§ **Work to be completed**
Every line of the listing below is to be duplicated exactly, with the pictures left out.
[Supplied information Boundary: Start]
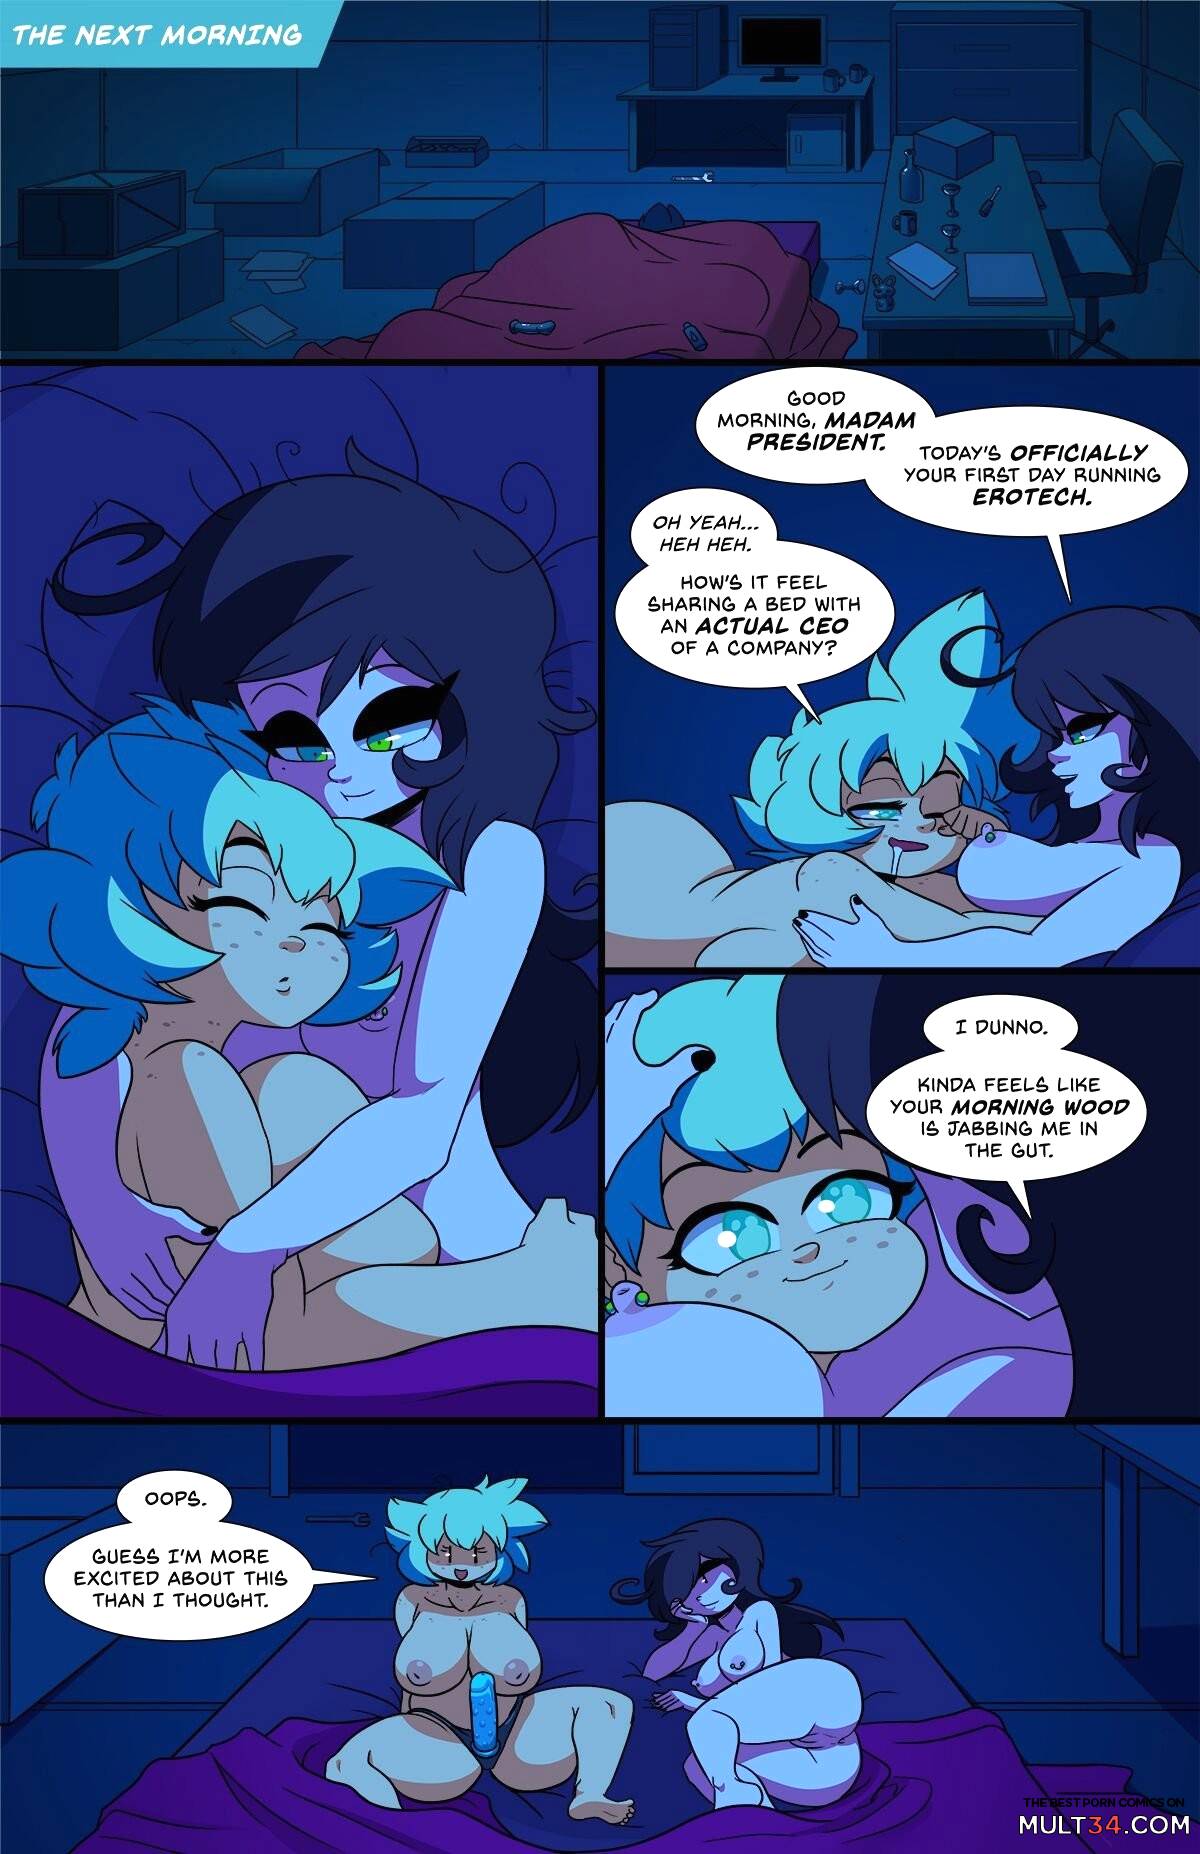 Erotech - Chapter 2 page 2
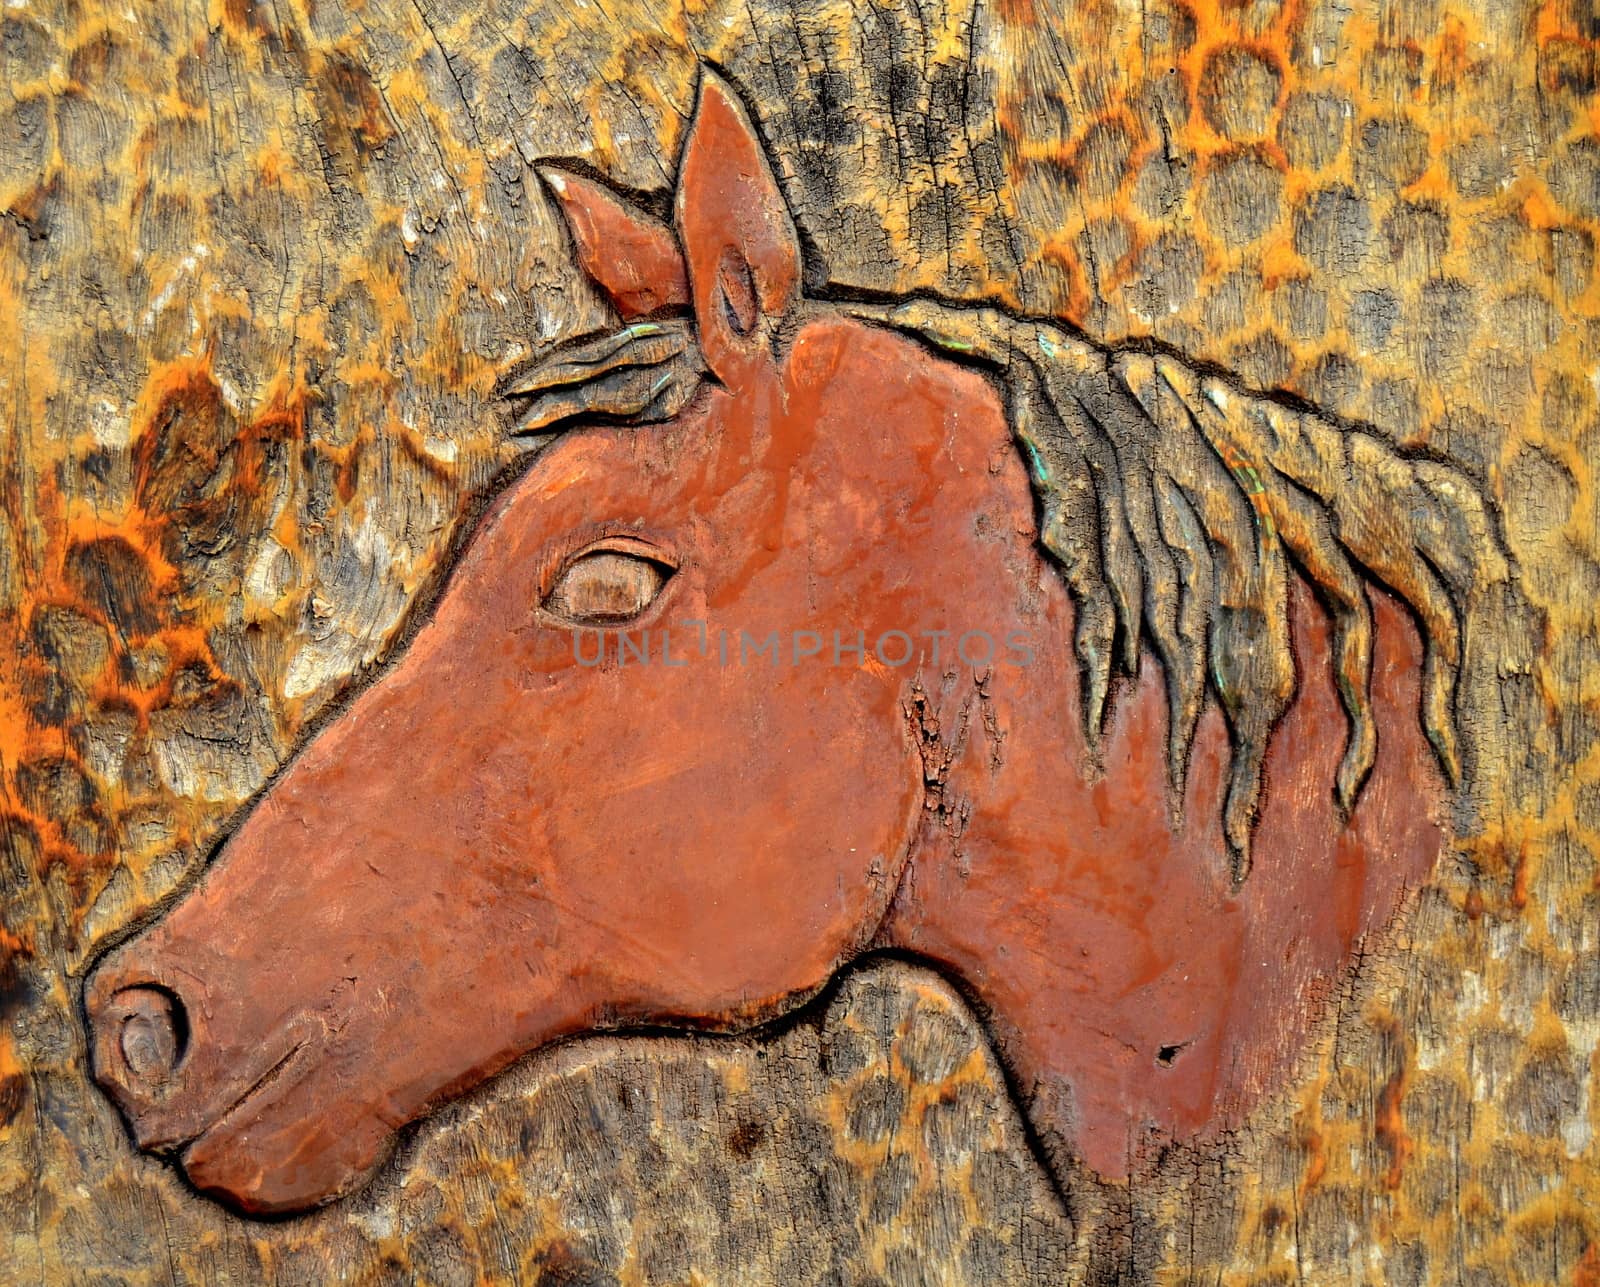 Rustic Vintage Wood Carving Portrait Of A Horse
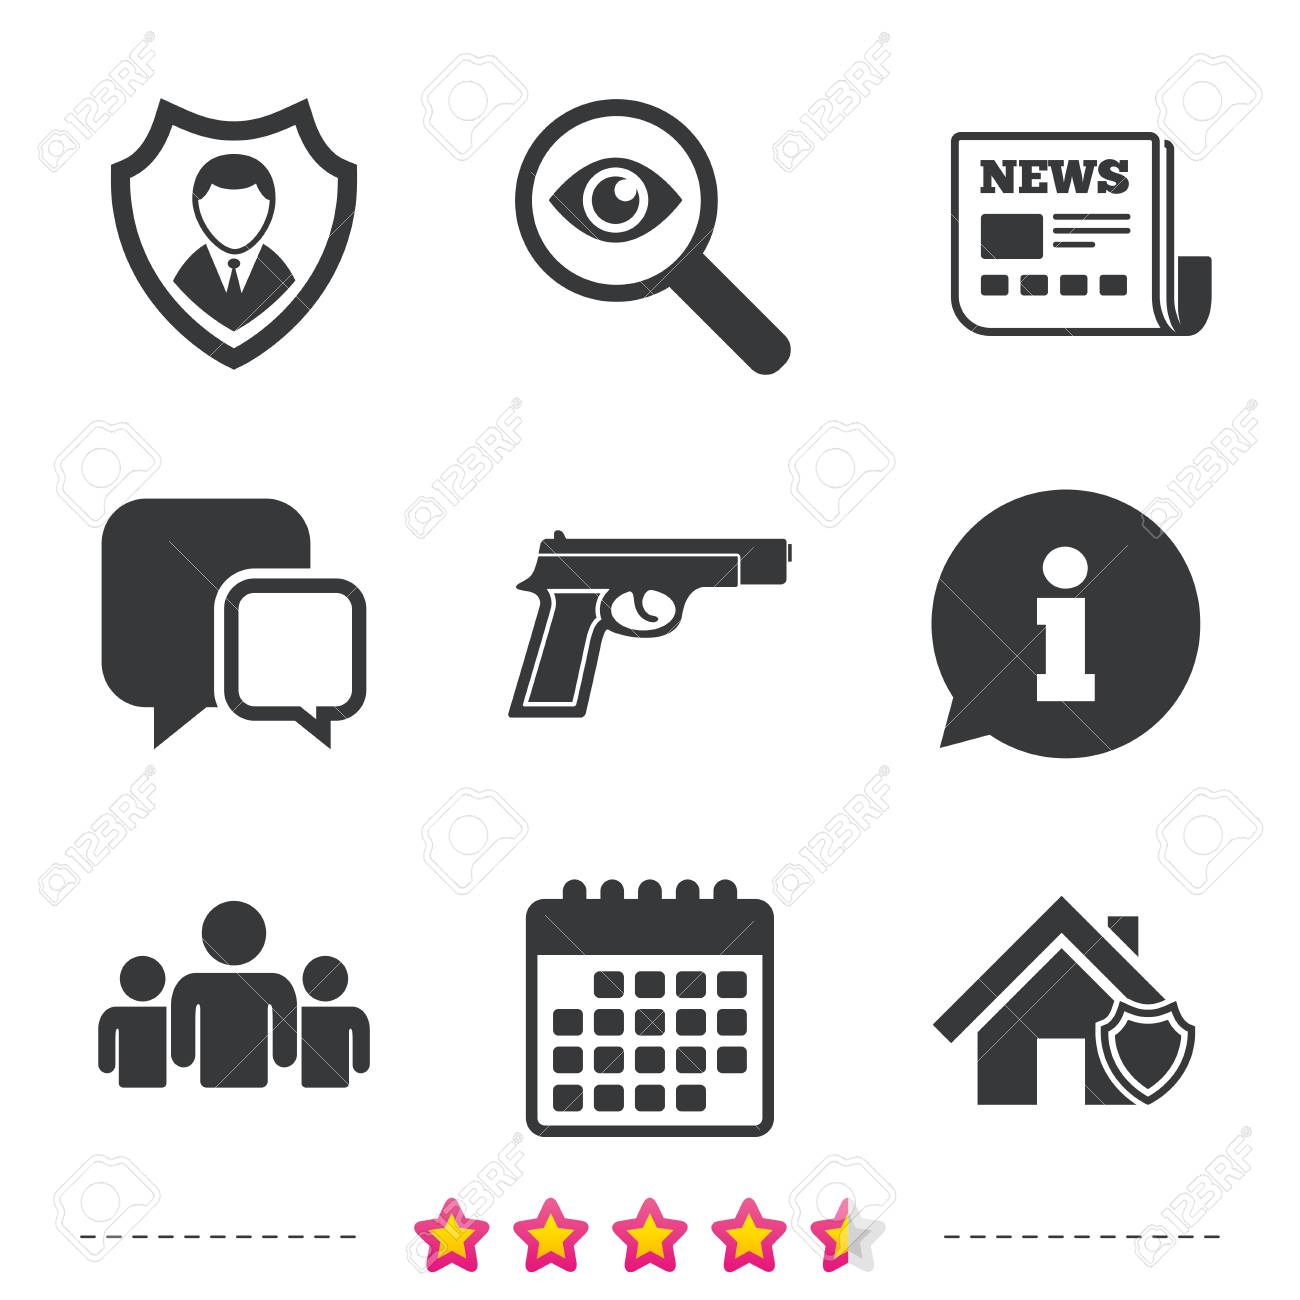 Crosshair Icons Target Aim Signs Symbols Stock Vector 599377991
[Supplied information Boundary: End]
§ **Worked solution**
 Erotech - Chapter 2 page 2
 Rustic Vintage Wood Carving Portrait Of A Horse
 Crosshair Icons Target Aim Signs Symbols Stock Vector 599377991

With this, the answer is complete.